New York Times columnist and editorial board member delivers a slim book for aspiring writers, offering saws and sense, wisdom and waggery, biases and biting sarcasm.

Klinkenborg (Timothy; or, Notes of an Abject Reptile, 2006), who’s taught for decades, endeavors to keep things simple in his prose, and he urges other writers to do the same. (Note: He despises abuses of the word as, as he continually reminds readers.) In the early sections, the author ignores traditional paragraphing so that the text resembles a long free-verse poem.

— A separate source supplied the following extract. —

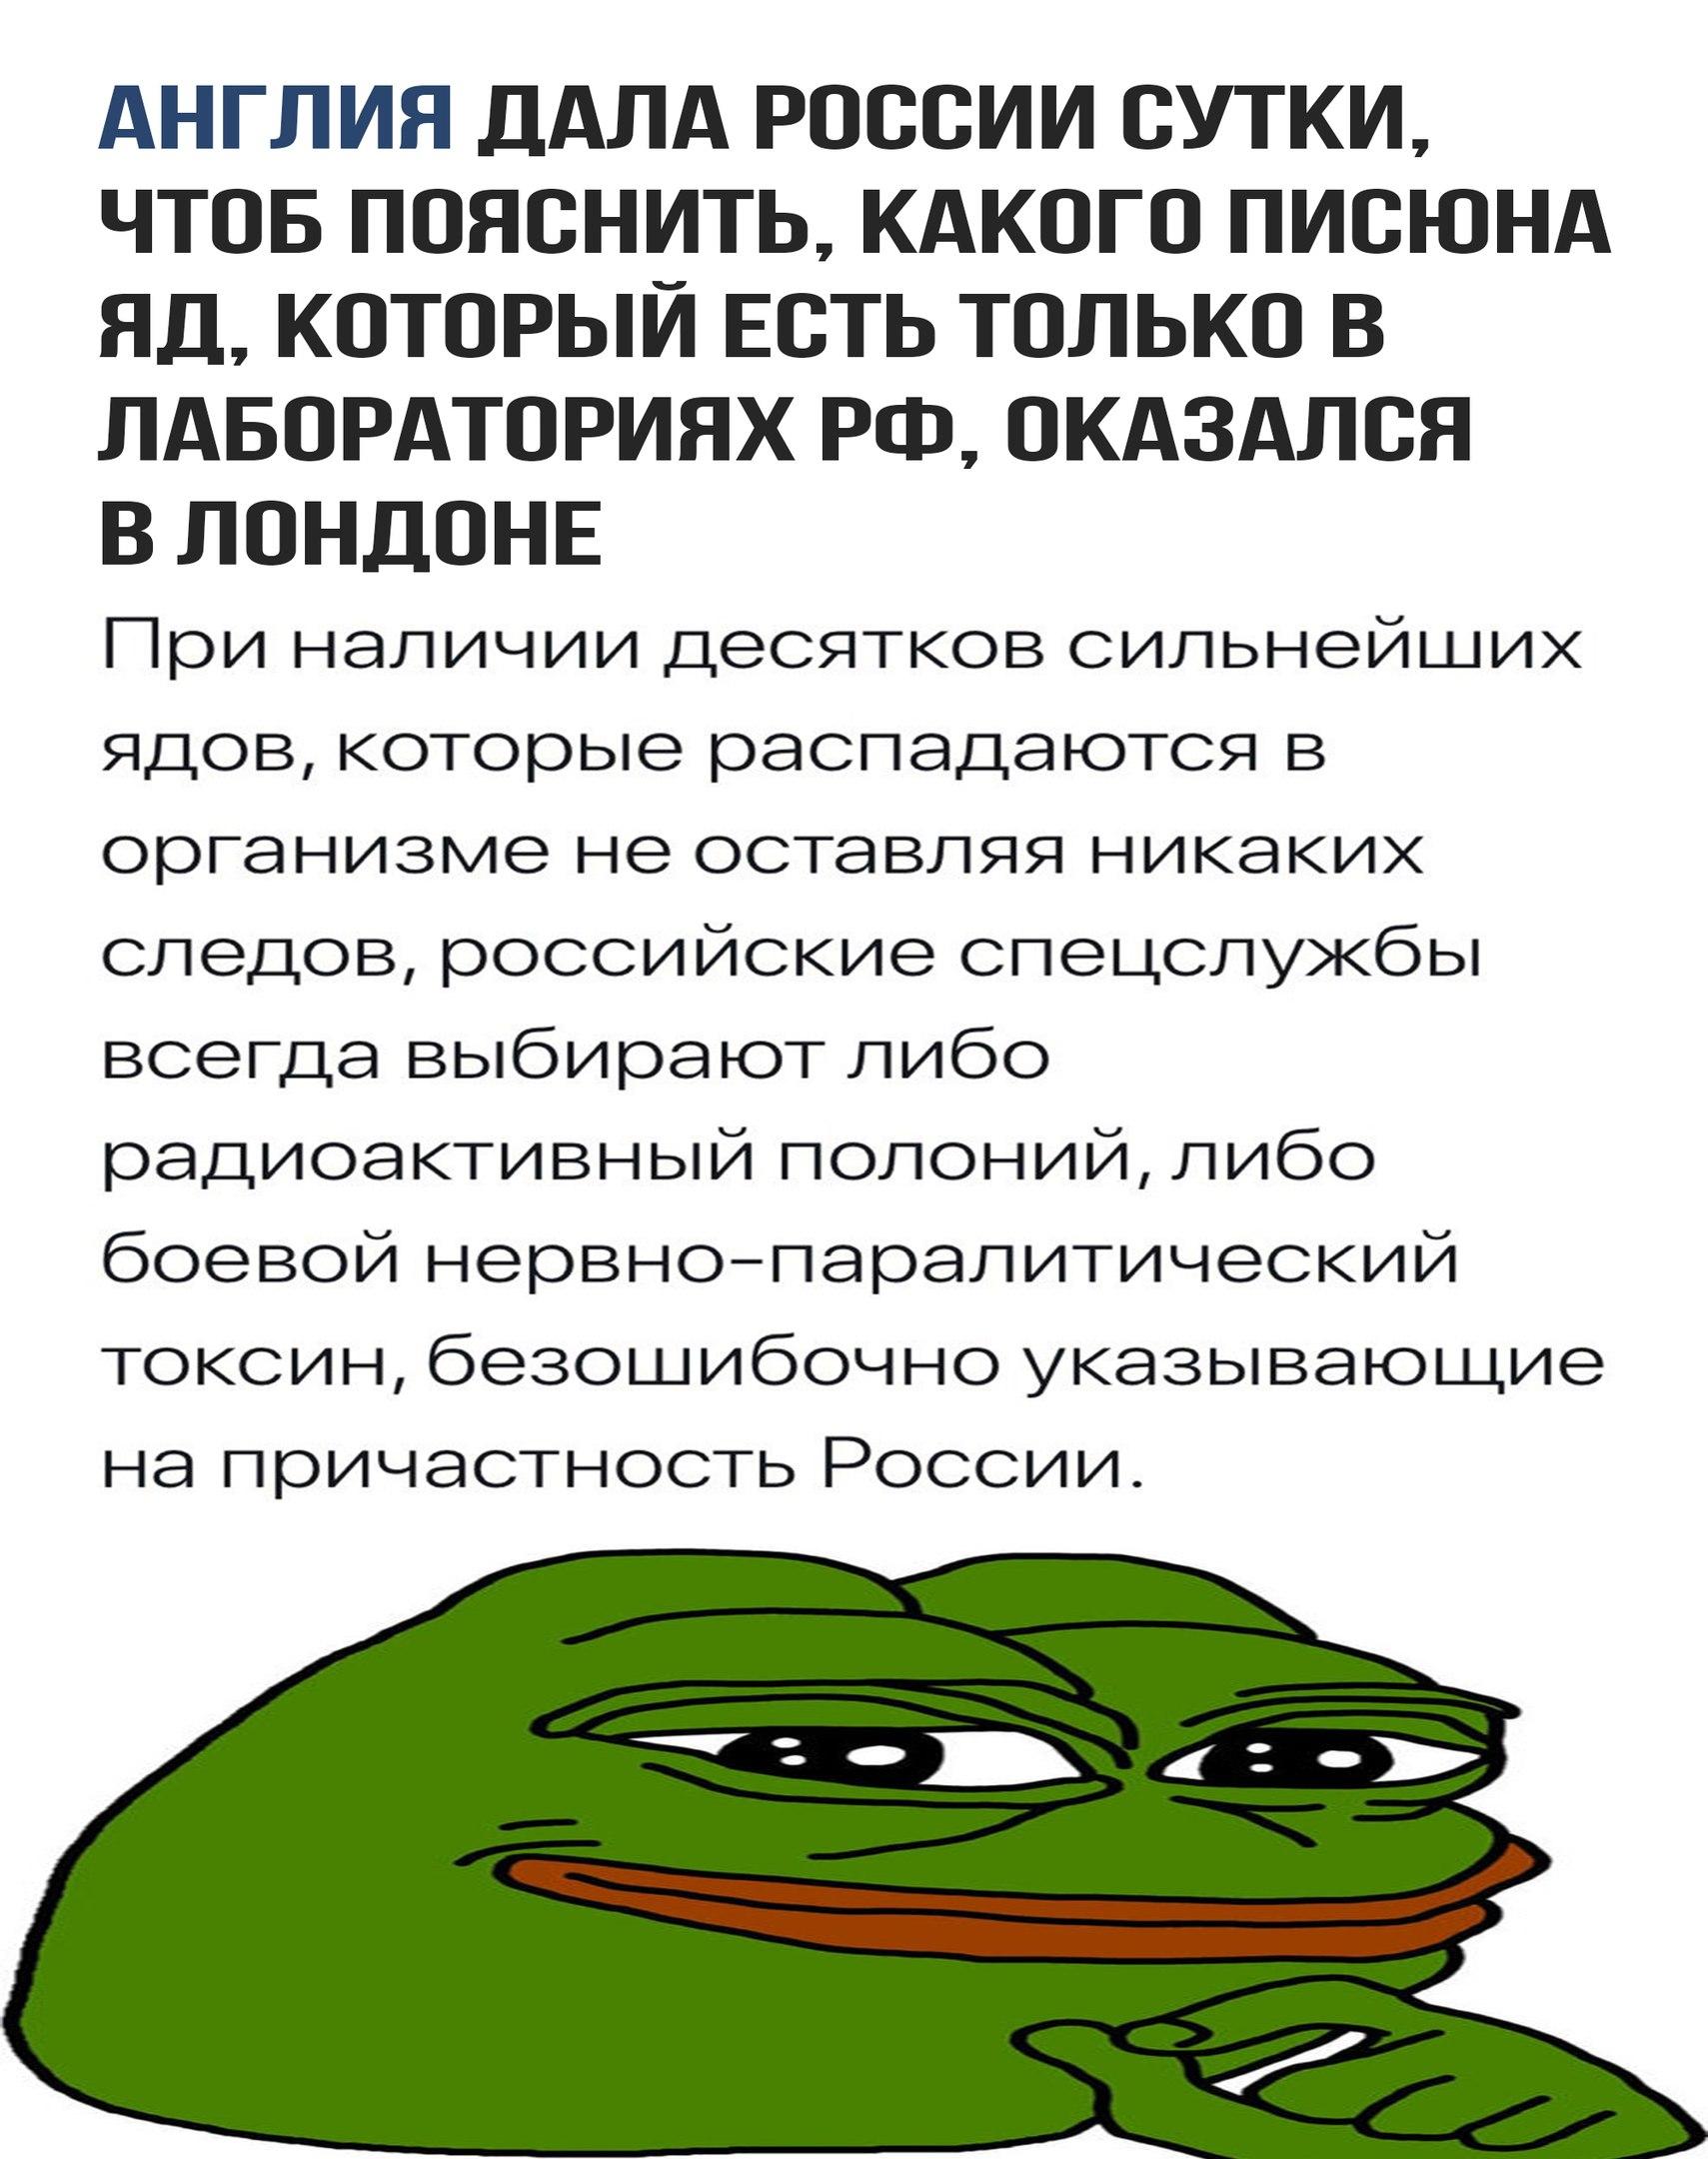 https://pp.userapi.com/c824201/v824201778/e97bc/F6_BXbaZr3k.jpg

He urges readers to use short, clear sentences and to make sure each one is healthy before moving on; notes that it’s acceptable to start sentences with and and but; sees benefits in diagramming sentences; stresses that all writing is revision; periodically blasts the formulaic writing that many (most?) students learn in school; argues that knowing where you’re headed before you begin might be good for a vacation, but not for a piece of writing; and believes that writers must trust readers more, and trust themselves. Most of Klinkenborg’s advice is neither radical nor especially profound (“Turn to the poets. / Learn from them”), and the text suffers from a corrosive fallacy: that if his strategies work for him they will work for all. The final fifth of the text includes some passages from writers he admires (McPhee, Oates, Cheever) and some of his students’ awkward sentences, which he treats analytically but sometimes with a surprising sarcasm that veers near meanness. He includes examples of students’ dangling modifiers, malapropisms, errors of pronoun agreement, wordiness and other mistakes.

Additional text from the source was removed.